Turning back to the copyright problem, my earlier claim now has a much more substantial
backing: since the audience invests an emotional labour when listening to the sounds of
music, this audience, each and every listener, has a natural right to it. A right which needs
qualification in relation to the composer, no doubt. But a right all the same — if there ever
was a right to music. The important point, however, is that this shows a Lockean inspired
argument cannot support exclusive ownership claims to music. The audience cannot be
reduced to only a consumer obliged to pay.
But how can I say that the emotional engagement of the listener is more than simple
6
consumption? After all, food is not nutrition until we digest it, but this does not mean that we
have a natural right to potatoes grown by somebody else. Or should the digestive labour we
invest mean that the lunch we eat ought to be free? How can I say that the emotional labour
invested in musical sounds is more than (or different to) what it takes to eat a big meal?

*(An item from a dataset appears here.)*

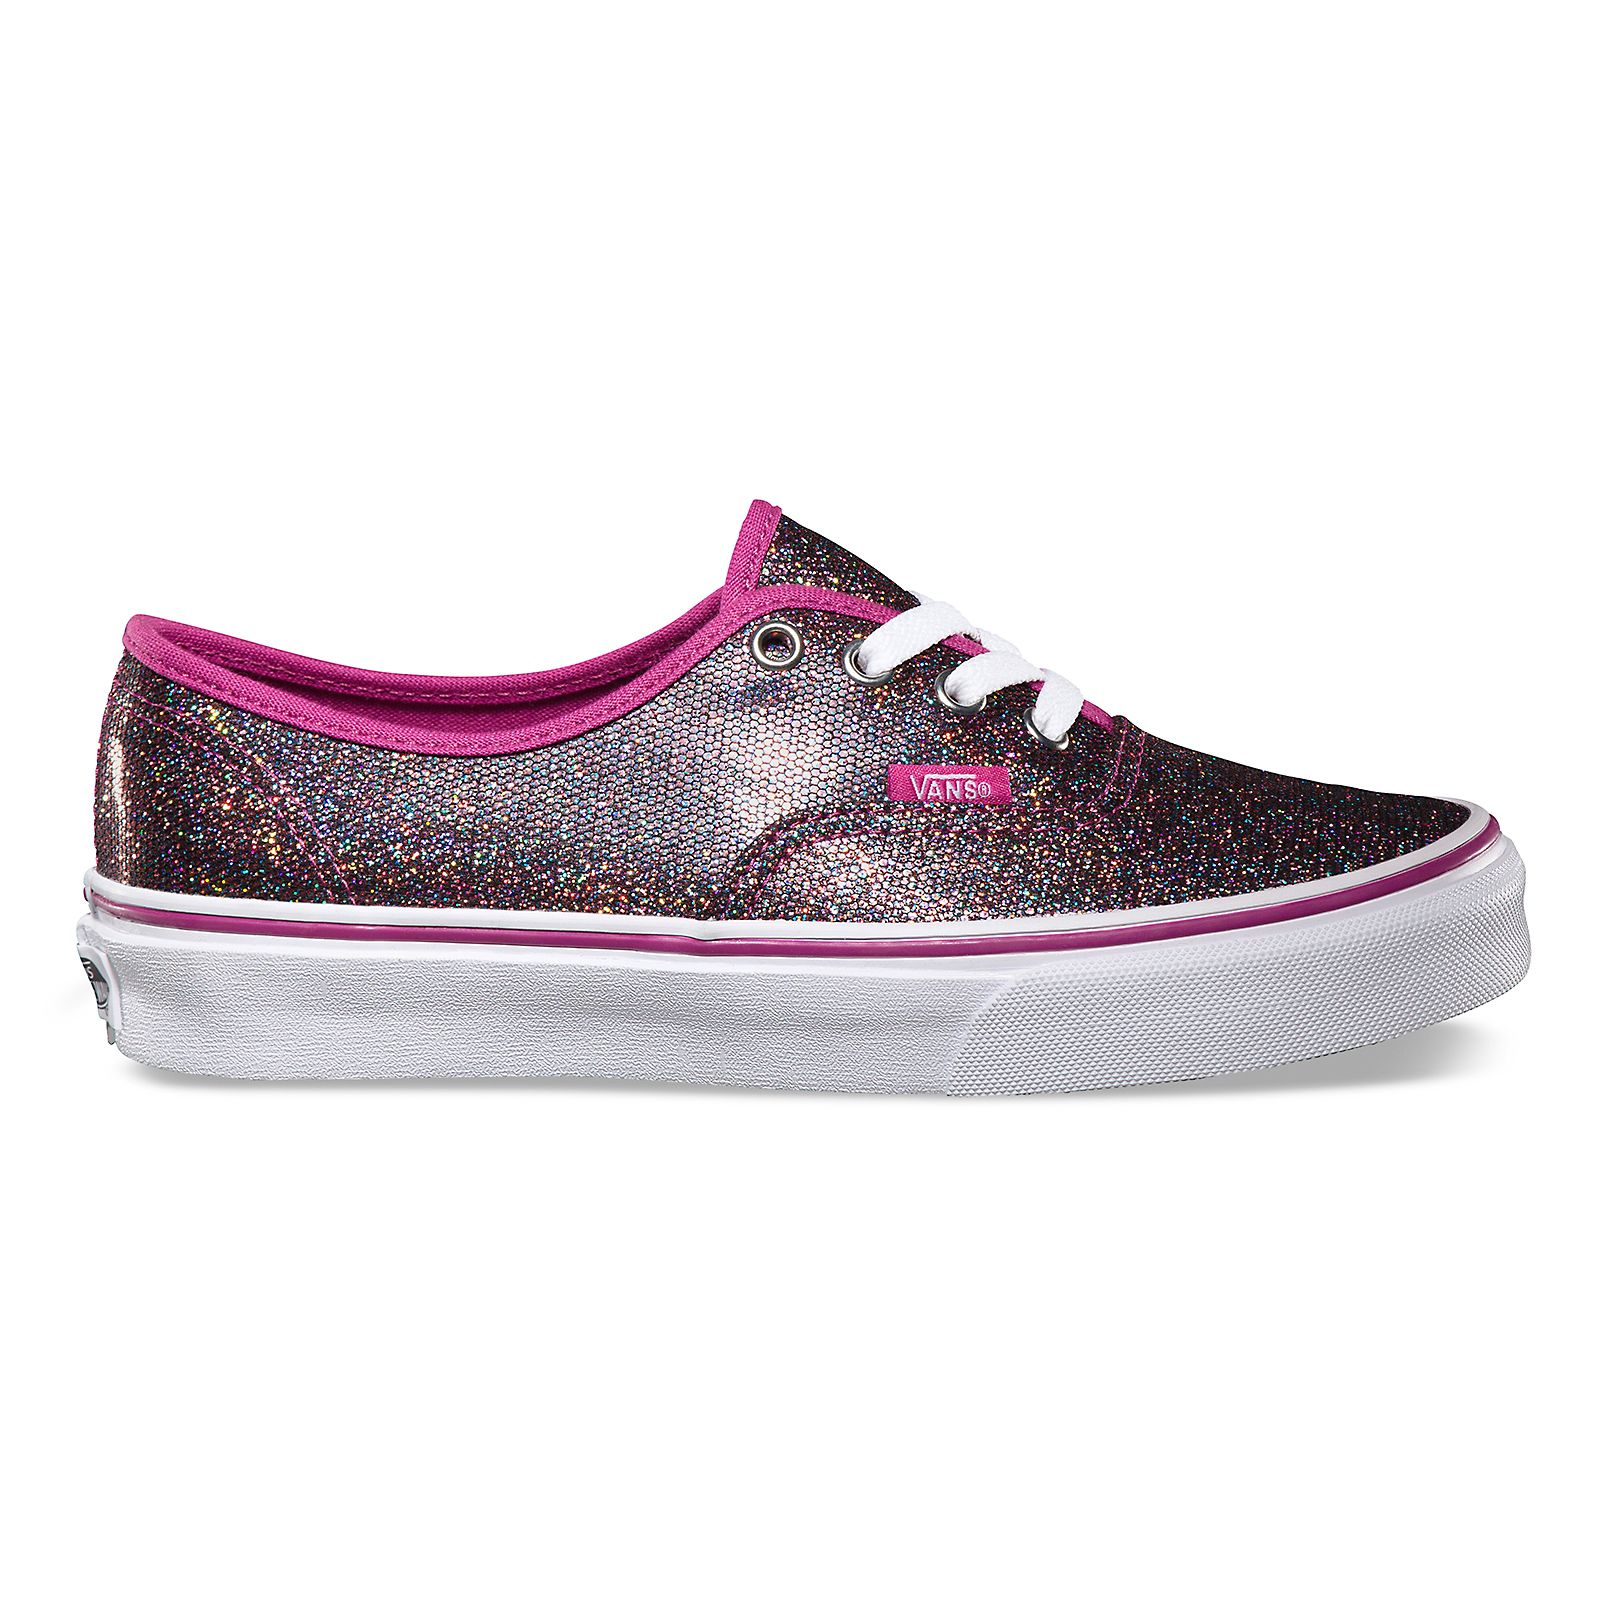 9871e1dd75 Vans Iridescent Glitter Authentic - women s
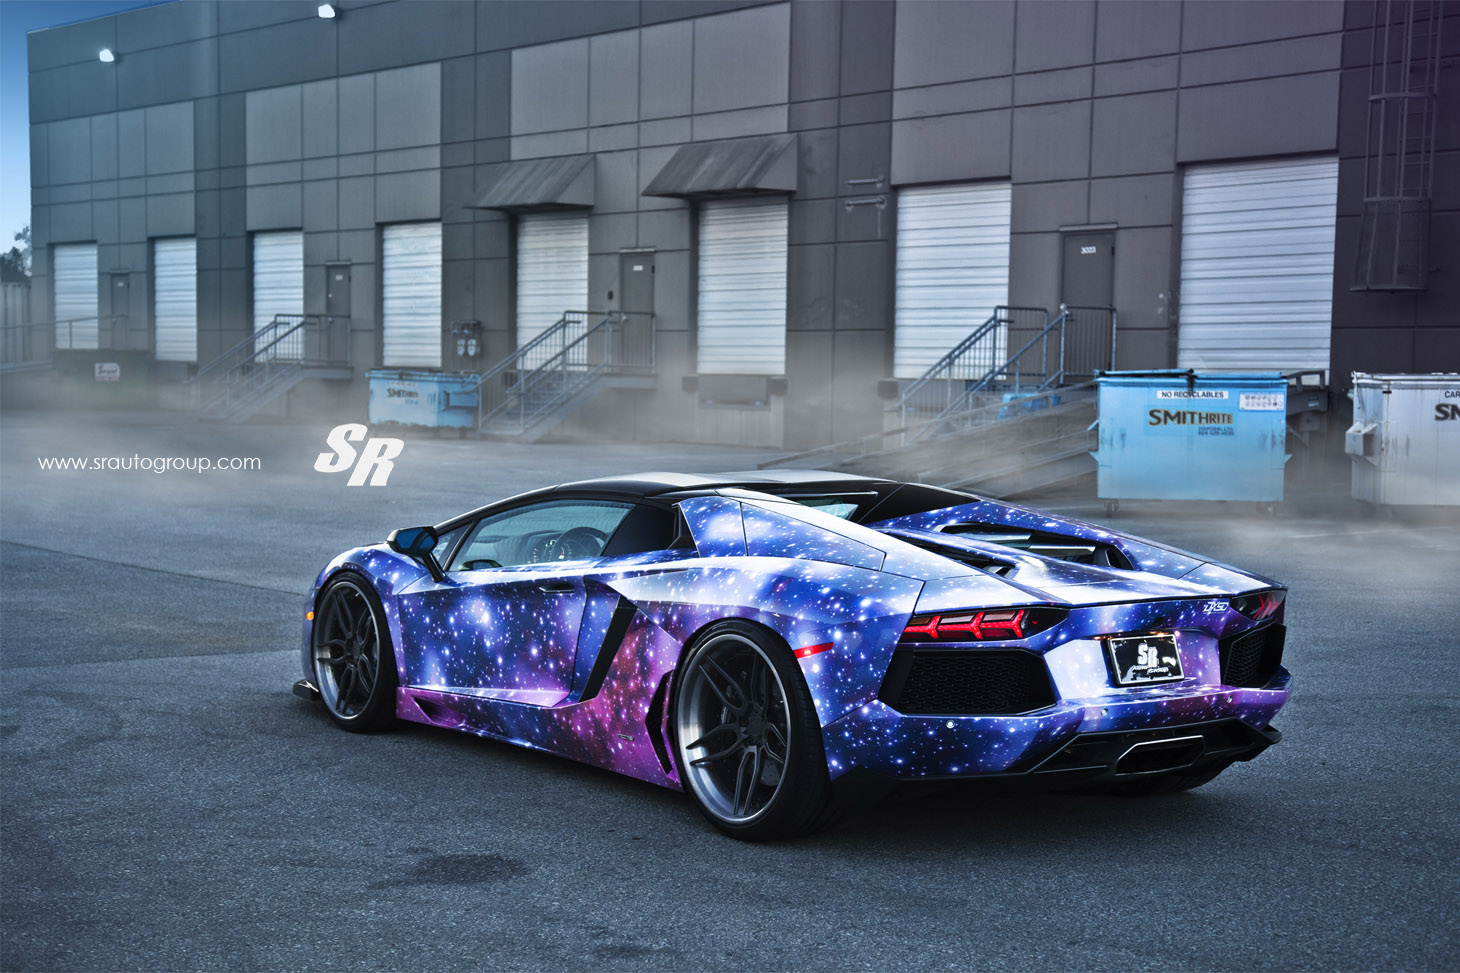 SR Auto

My answer is that whereas in food the nutritive components are there whether we eat the
potato or not; in sound there is no music until a listener adds it, appreciates it, passes it on to
others, through affect attunement (the first listener may be the composer, playing or
imagining). The music is added to the work as the musicians follow the composer’s
instructions (more or less, pace Goodman). The music is added to the work as the audiences
hear what the composer intended (more or less). And, as Kant would say, we expect others to
join in with our judgement.
Music, in other words is social. Music is social. Take away the affective attunement to music
and there is no more left than a Mozart effect to trigger some mice in a maze (cf. Brown,
2006). Music certainly is more amazing than that. Music is a human cultural artefact, and its
communication — its potential for human communion — should not be restricted by any
global trade agreement. Thus my final recommendation: give the TRIPS agreement a one way
trip to the bin. Bring music back from the market of world trade, to where it belongs. Bring
music back to the local and global cultures of the world!